Top of EXTRACTED ENTRIES

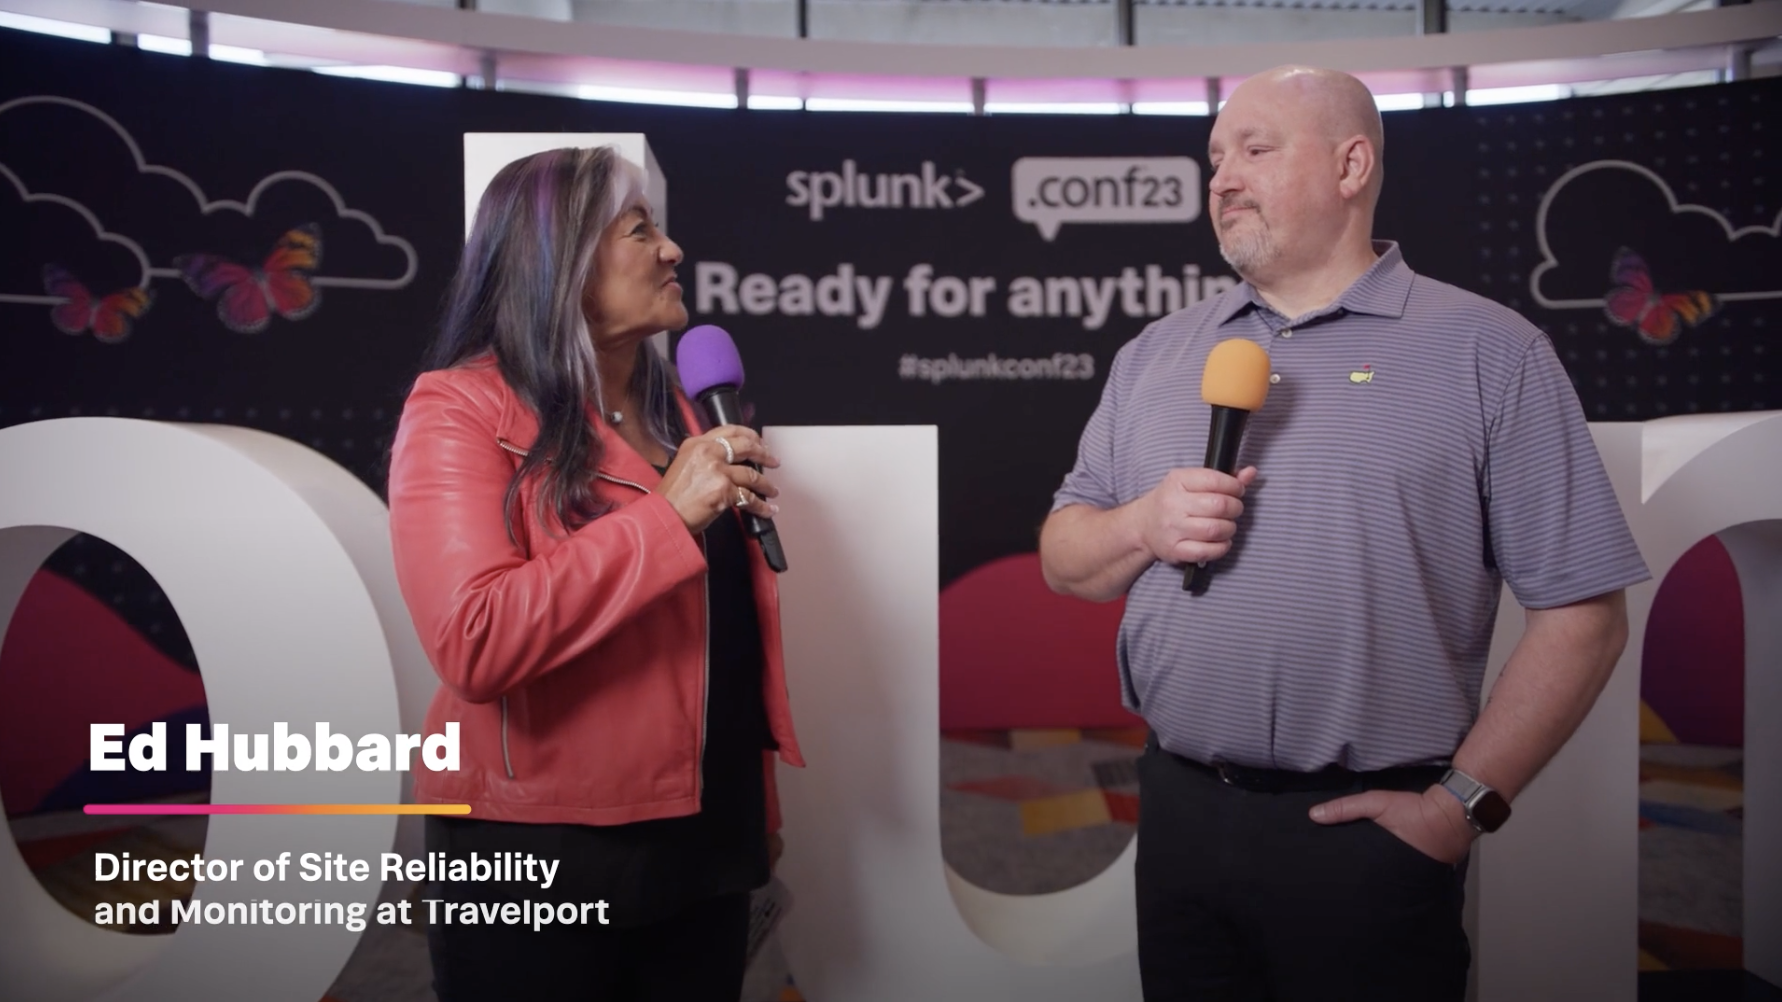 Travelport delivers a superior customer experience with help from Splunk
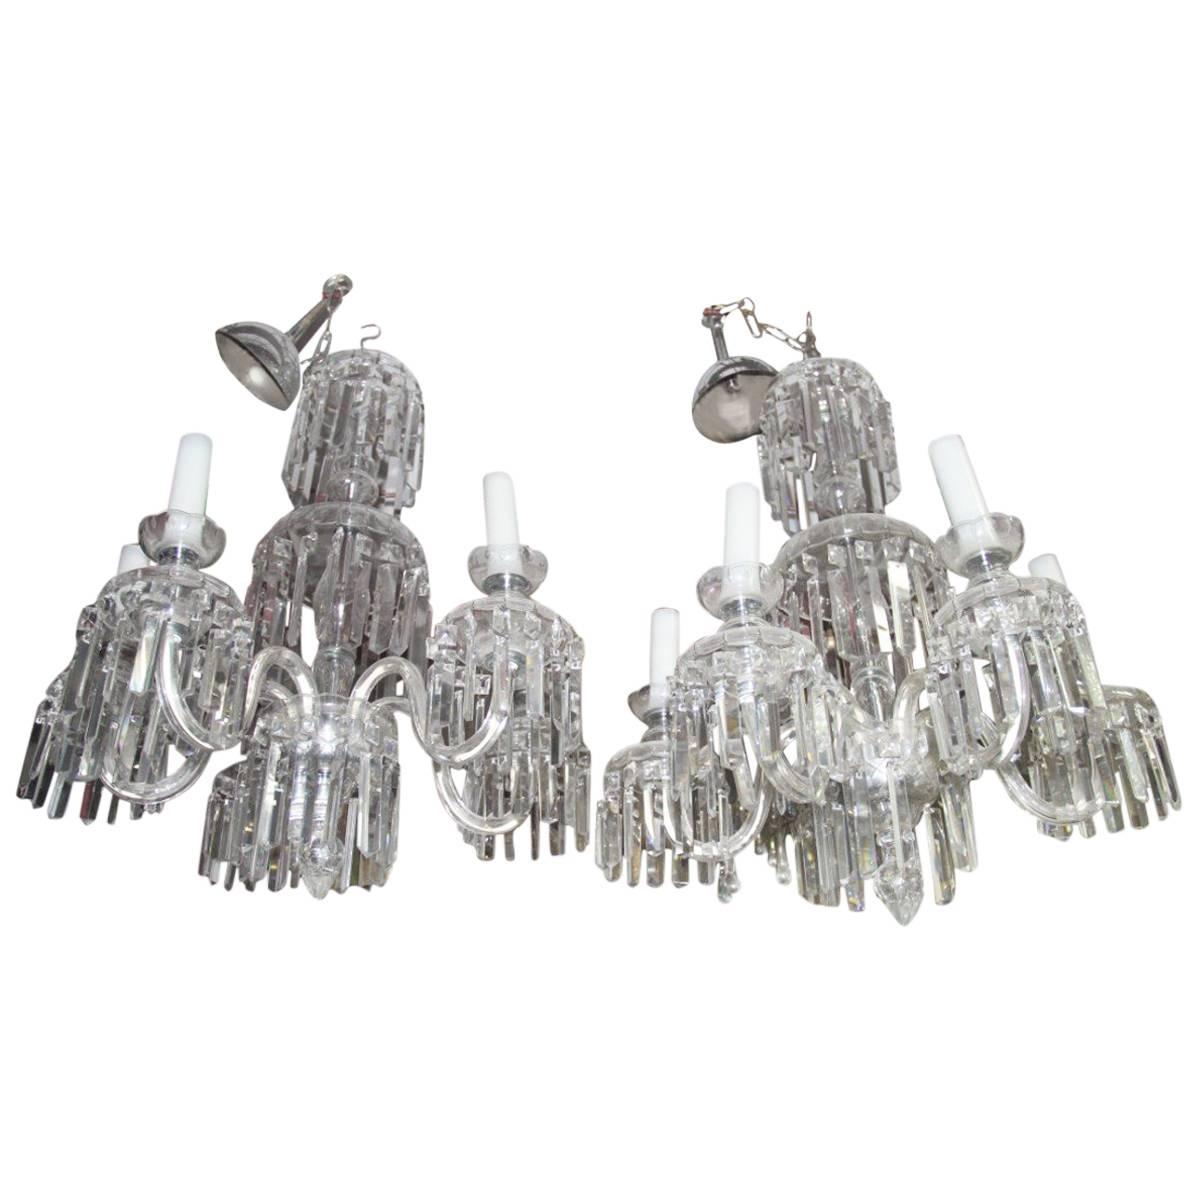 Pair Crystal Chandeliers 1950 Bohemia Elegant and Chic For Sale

Bottom of EXTRACTED ENTRIES
Top of EXTRACTED ENTRIES

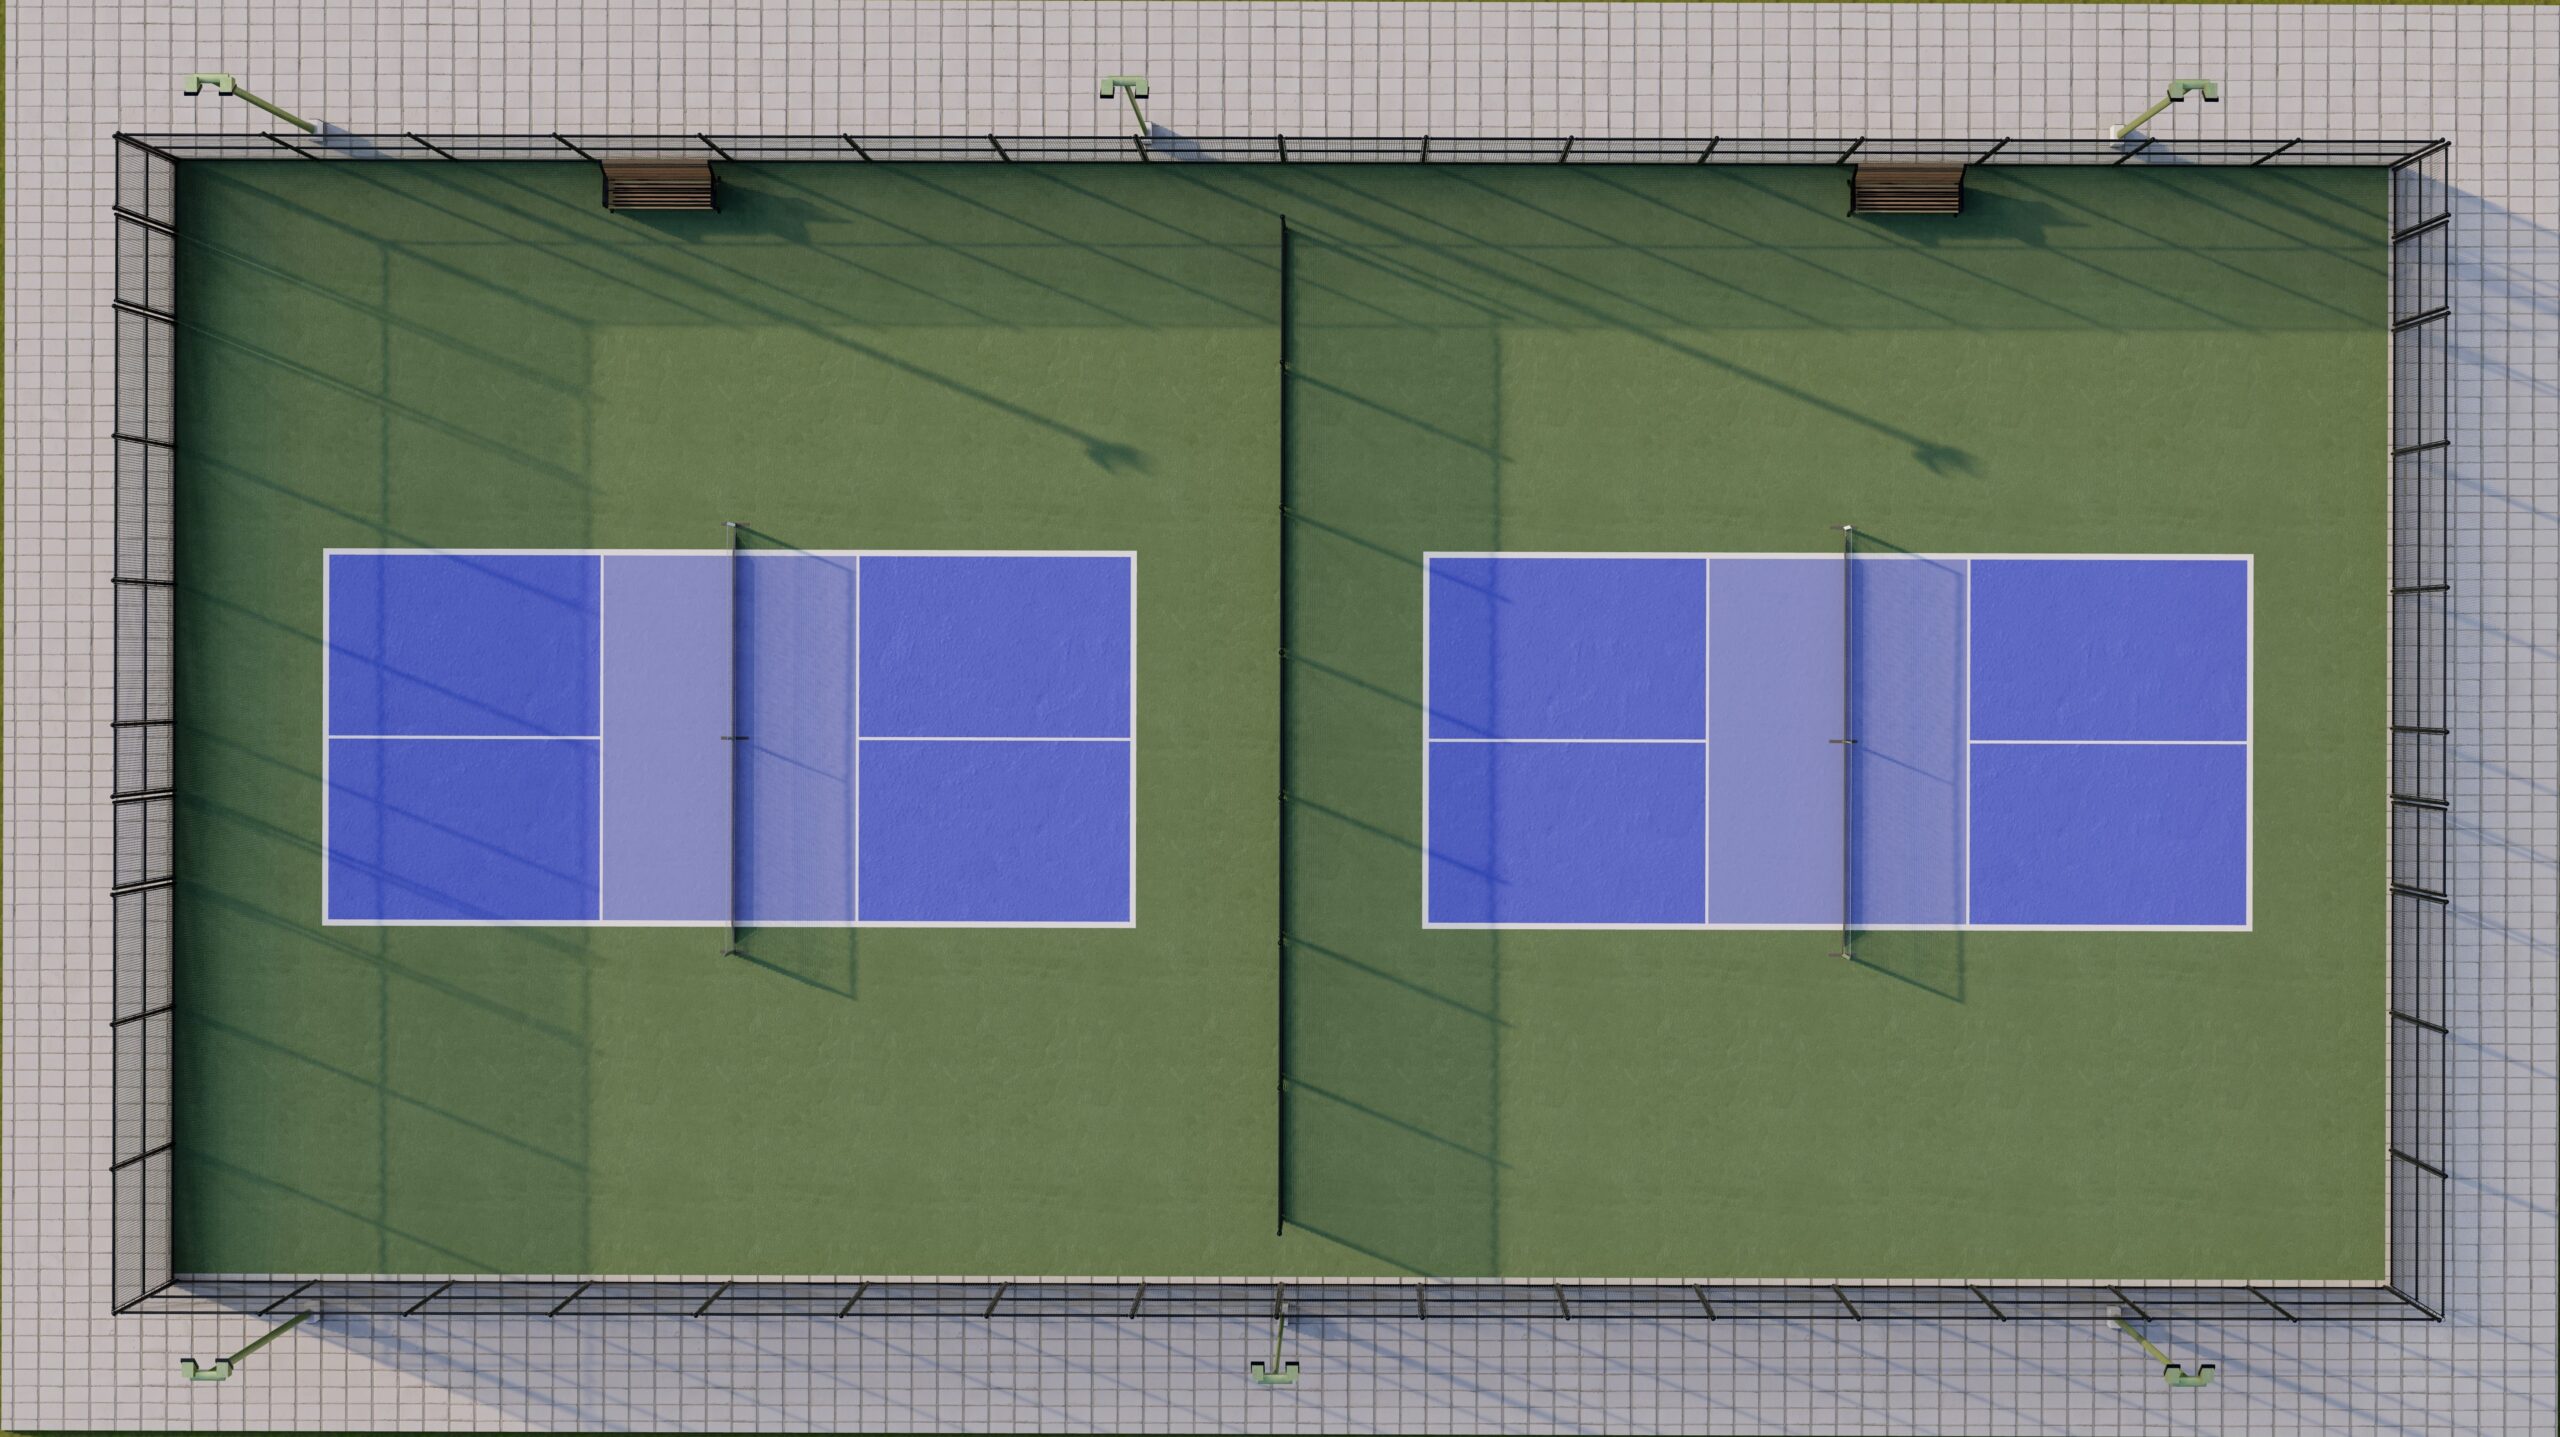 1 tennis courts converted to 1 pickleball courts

Bottom of EXTRACTED ENTRIES

■ EXERCISE BRIEF: Each line from the one that contains "Travelport delivers a" down to the one that contains "Pair Crystal Chandeliers" is to be returned exactly as it stands above, both ends included, with pictures removed.

■ ANSWER AREA:
 Travelport delivers a superior customer experience with help from Splunk
 Pair Crystal Chandeliers 1950 Bohemia Elegant and Chic For Sale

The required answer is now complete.